FED INDEPENDENCE: A reporter from Reuters called to ask our view of the assault on Fed independence by Chairman Henry Gonzalez of the House Banking Committee. We told him nothing much would come of it because hardly anyone but Gonzalez wants to monkey with Greenspan while he is producing delightfully low interest rates. We also repeated our long-held view that FOMC meetings should be telecast on C-SPAN, and that by ending all uncertainty about what Greenspan & Co. are up to, interest rates would be marginally lower. The secrecy arguments made by the Fed governors are all baloney, as the governors themselves know. Secrecy is viewed rather as a line of defense against direct political control of monetary policy, which would, they assume, produce inflation. Secrecy, of course, did not prevent the worst inflation in U.S. history these past 20 years. Moreover, the Swiss central bank's deliberations are open to the general public and it hasn't hurt the Swiss franc or bond market. If the Fed were required to peg the gold price at $350, which is our preference, nobody would care if Fed meetings were secret or not, as the governors would not have anything of importance to deliberate. The long bond would quickly go to 3% and Ms. Phillips would no longer have to issue her daily, gloomy forecasts.
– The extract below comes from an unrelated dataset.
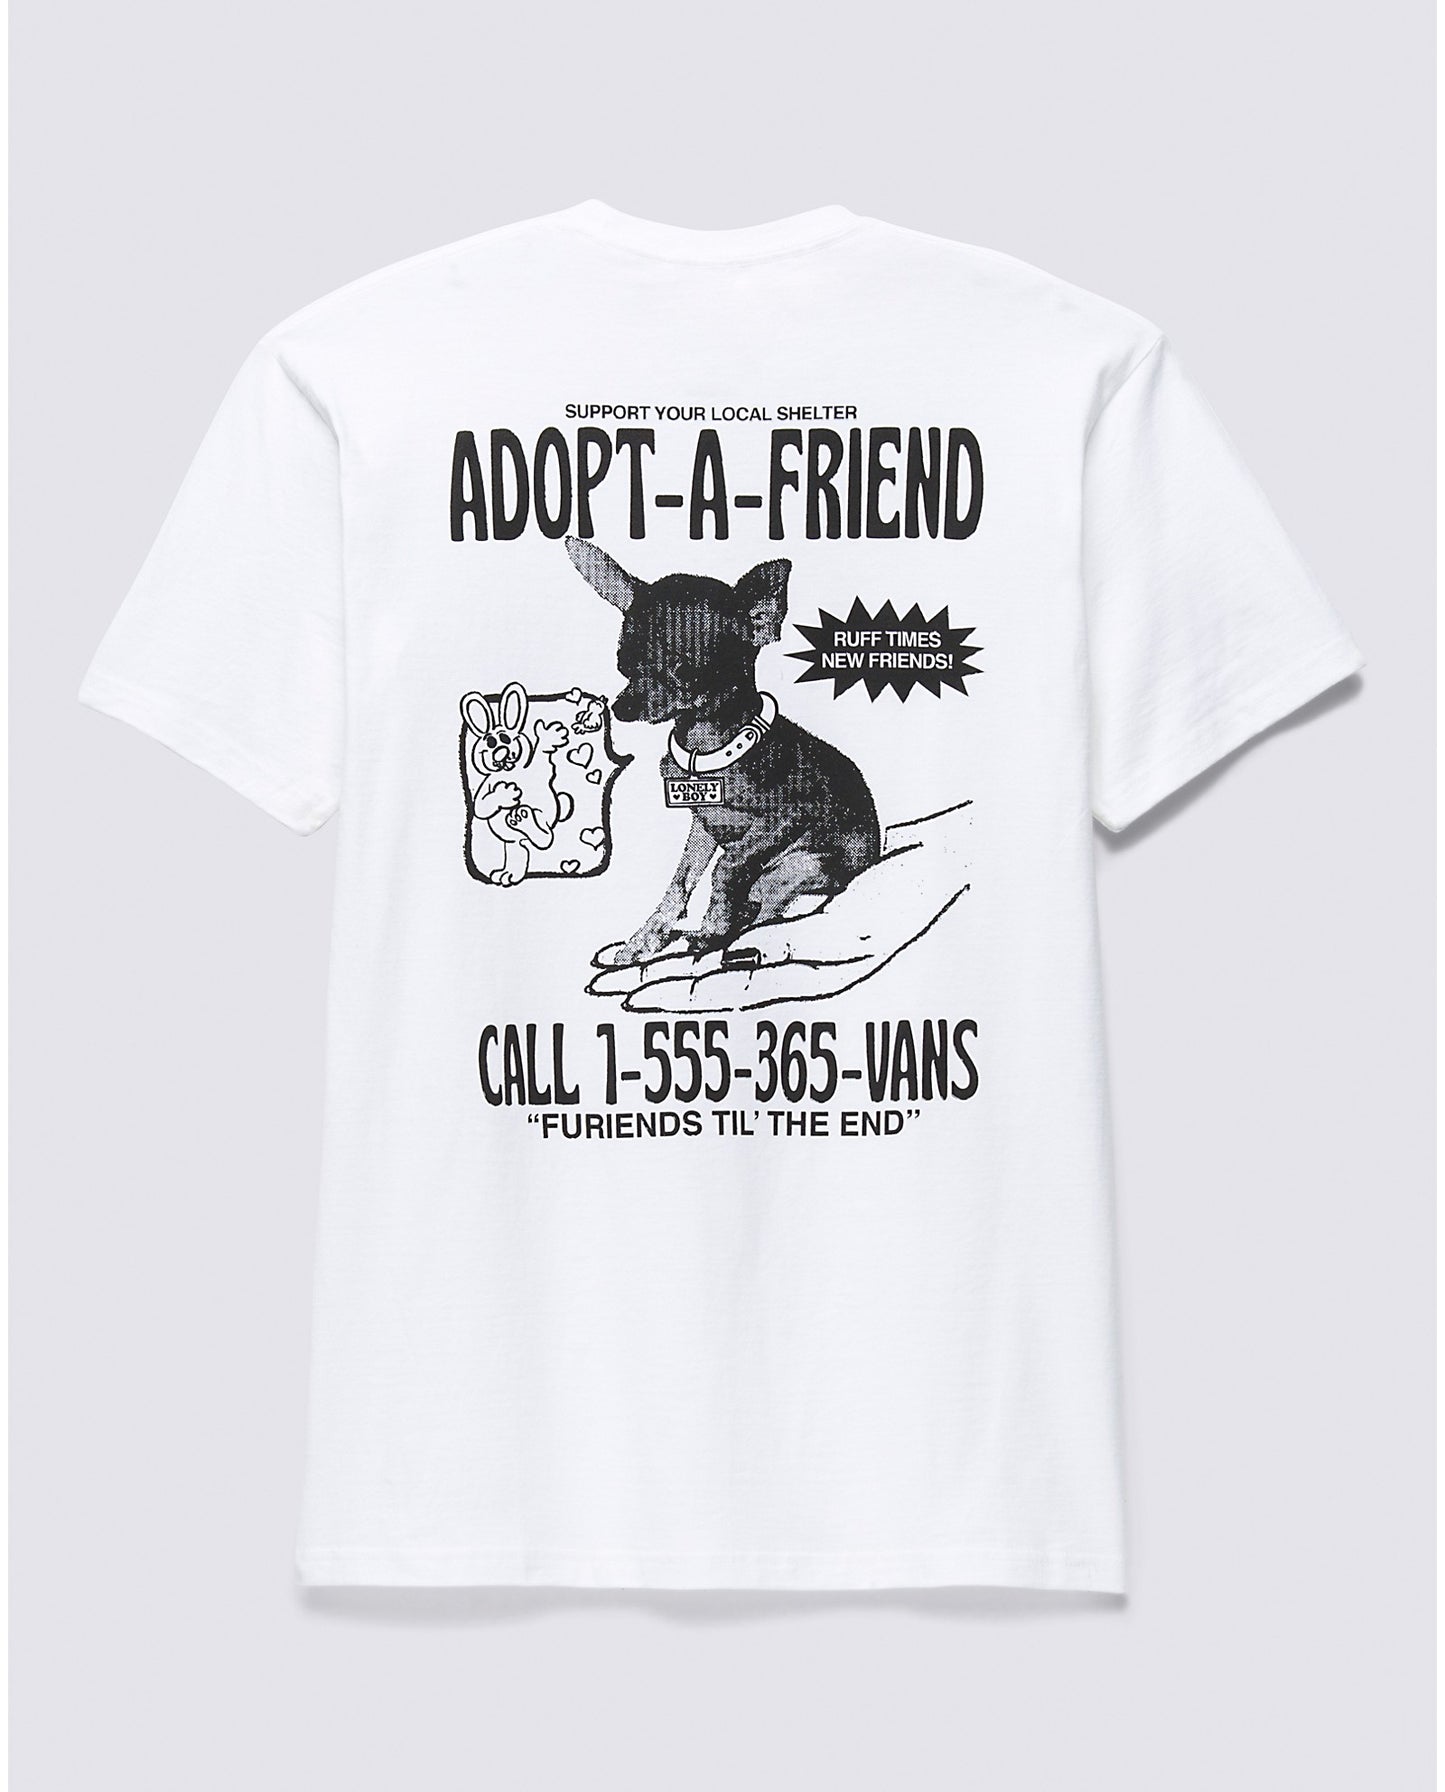 VANS Adopted A Friend T-Shirt

NEW JERSEY: We are, of course, rooting for Republican Christie Whitman to defeat Democratic Governor Jim Florio, whose midnight $2.8 billion tax increase in 1990 crippled the state economy and the public finances of every county and municipality. We advised Christie 15 months ago, when it seemed she couldn't lose, that by hiring Ed Rollins as her campaign manager she was buying a millstone around her neck. In fact, he turned her into a cardboard candidate, programmed by polls. Instead of expressing a political philosophy that voters might connect with -- which she is capable of doing -- she's running on a tax-cutting pledge that requires dollar-for-dollar spending cuts, which is no different than the Old Guard GOP positions of Eisenhower, Nixon, Ford and Bush. She has seemed to be well behind Florio in the polls, but has been closing the gap in the last few weeks, showing flashes of spontaneity to overcome the lead weight of her professional handlers. She could win narrowly, if only because many voters at the last minute will find themselves unable to reward a politician who showed such total contempt for the democratic process in sneaking through higher taxes. If she does, she'd be a good governor and could someday wind up on the national ticket. Maybe even '96.
NEW YORK CITY: We are, of course, rooting for Democratic incumbent David Dinkins over Republican challenger Rudy Giuliani, although the smart money says Rudy will win. New York City has not been in worse shape in its history, going back to Peter Stuyvesant, but Dinkins has not been the problem. He's been swimming against the tide of the administrations of Bush, Clinton, and Cuomo, and actually hasn't been all that bad under the circumstances. I'm afraid it would reach new depths with Giuliani, a scurrilous character who will do or say anything his handlers tell him to say. If he put together a new team of economic advisors to replace the Old Guard business types picked for him by Wall Streeters, Dinkins would look much better in the next four years, and so would the Apple.